In the patients in whom progression of residual disease was identified, time to progression was < 12 months following initial surgery in all cases. This is also seen in a number of reports that highlight the importance of the first year of follow-up in subtotal resections [8, 10, 13]. Where there is a lesser need for intensive surveillance in completely resected tumours, there is certainly an argument that can be made for a greater degree of vigilance in partially resected lesions. The frequency and length of such a surveillance regime requires further study but at present should perhaps be treated on a case-by-case basis.

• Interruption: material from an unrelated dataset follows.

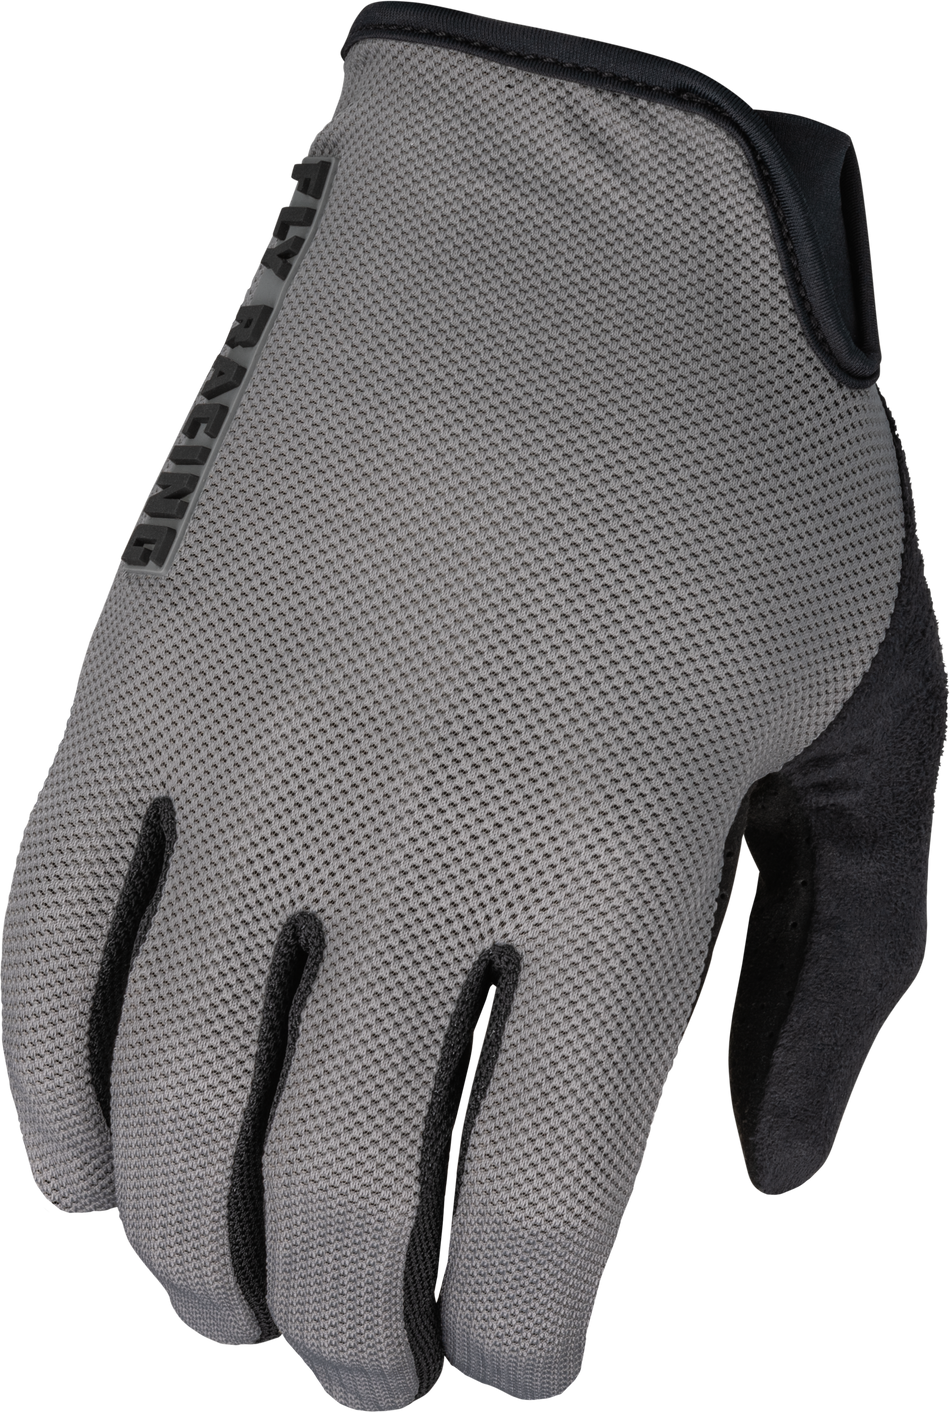 FLY RACING Mesh Gloves Grey Md 375-306M
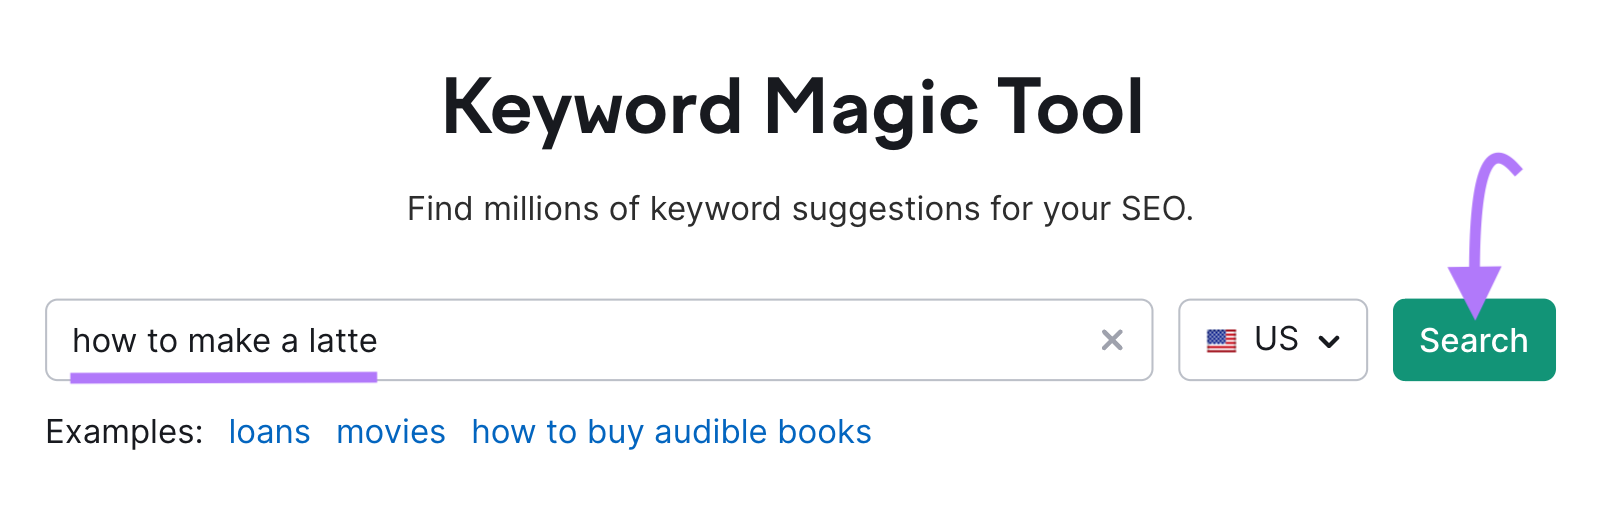 "how to make a latte" entered into Keyword Magic Tool search bar

The aim of this report was to describe one institution’s experience of the utility of surveillance imaging following a change in our local protocol. As such, the sample size of patients is relatively small as only the cases from this centre have been included. In addition, the patient follow-up is relatively short. Collaboration with other groups may lead to more robust data in the future.

Overall, it is evident the changes made to surveillance imaging of cerebellar LGG at this centre in 2007 were appropriate. Thus, based on our findings, this study endorses a limited surveillance imaging protocol for completely resected cerebellar LGG, with post-op scans at 6, 18 and 30 months and then stopping.

Reducing the number of MRIs performed has benefits for both the patient and family alike by preventing unnecessary stress and anaesthesia (if required) as well as having financial implications that would allow for reallocation of resources.